What you should do: The entries below are to be written out exactly, with no images included.

Given entries:

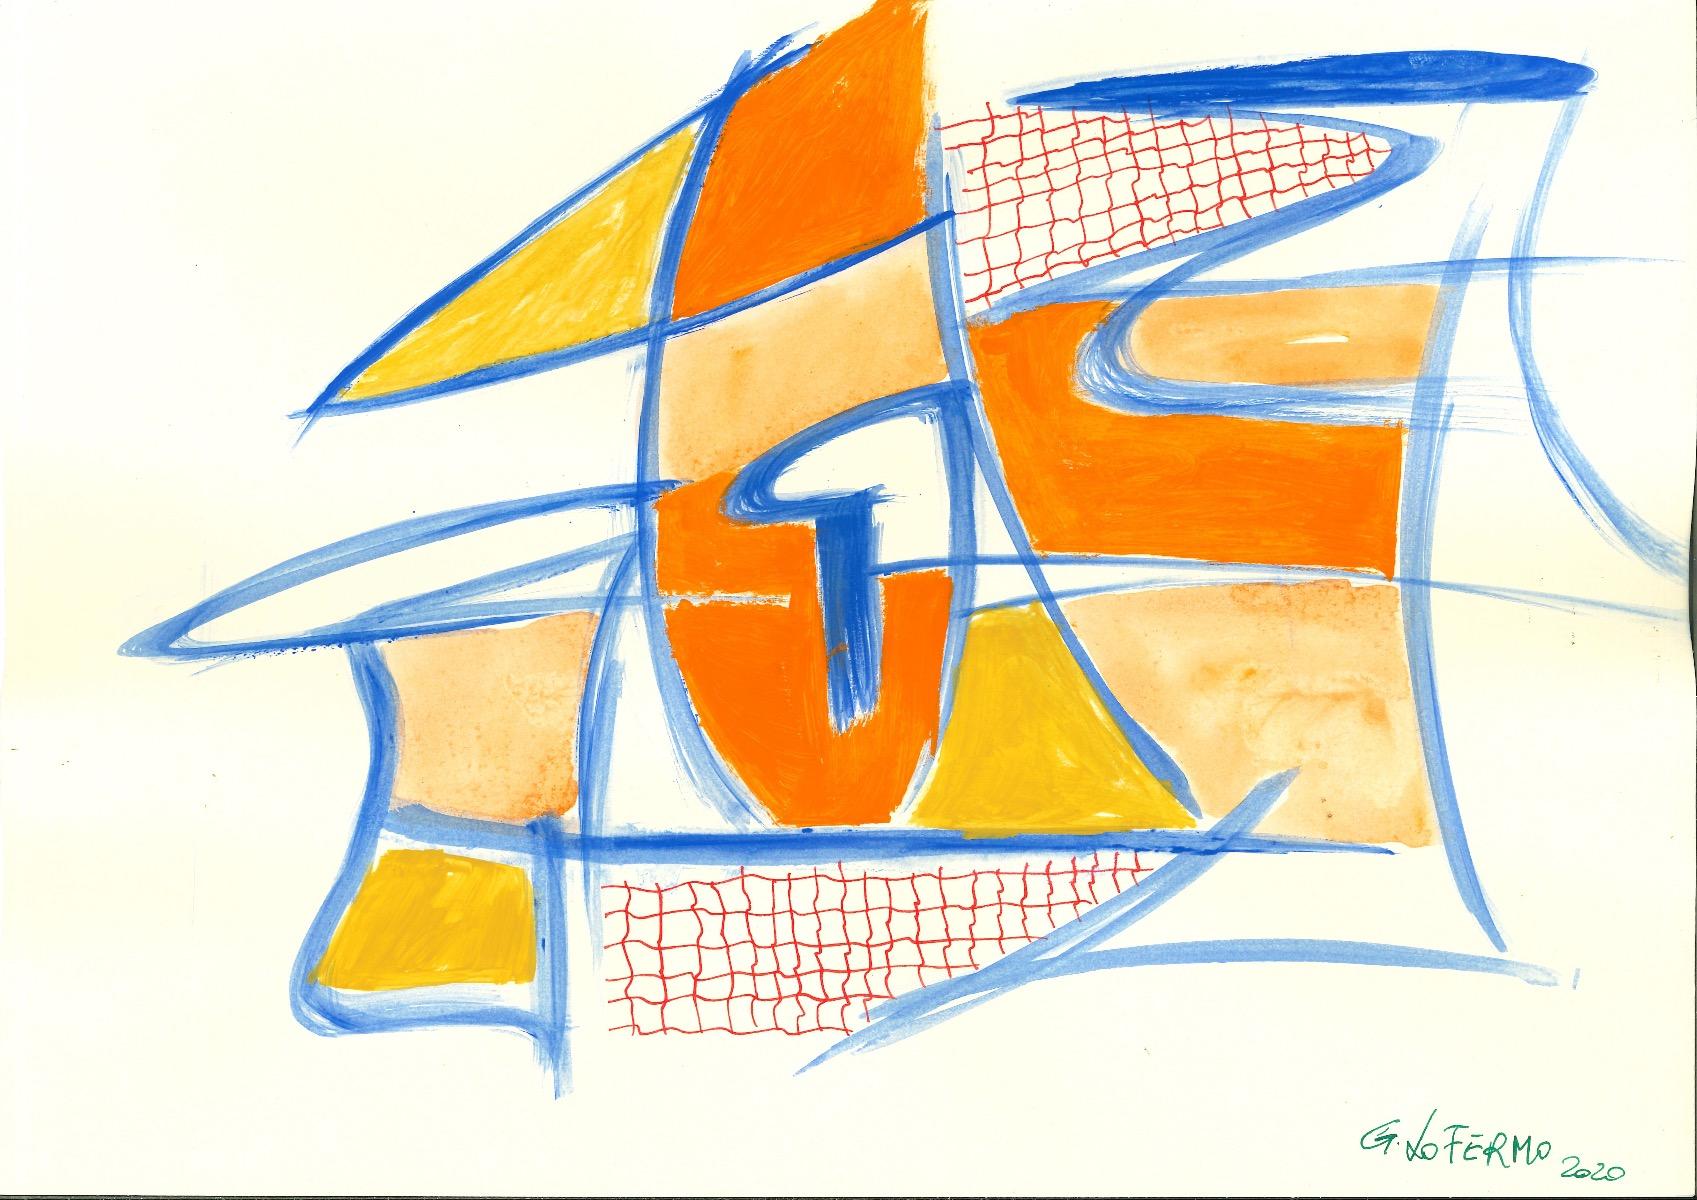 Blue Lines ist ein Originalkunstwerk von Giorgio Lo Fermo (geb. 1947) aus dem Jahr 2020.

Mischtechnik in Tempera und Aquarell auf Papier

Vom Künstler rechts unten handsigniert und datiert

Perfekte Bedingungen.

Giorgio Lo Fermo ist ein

Exercise solution:
 Blue Lines ist ein Originalkunstwerk von Giorgio Lo Fermo (geb. 1947) aus dem Jahr 2020.

Mischtechnik in Tempera und Aquarell auf Papier

Vom Künstler rechts unten handsigniert und datiert

Perfekte Bedingungen.

Giorgio Lo Fermo ist ein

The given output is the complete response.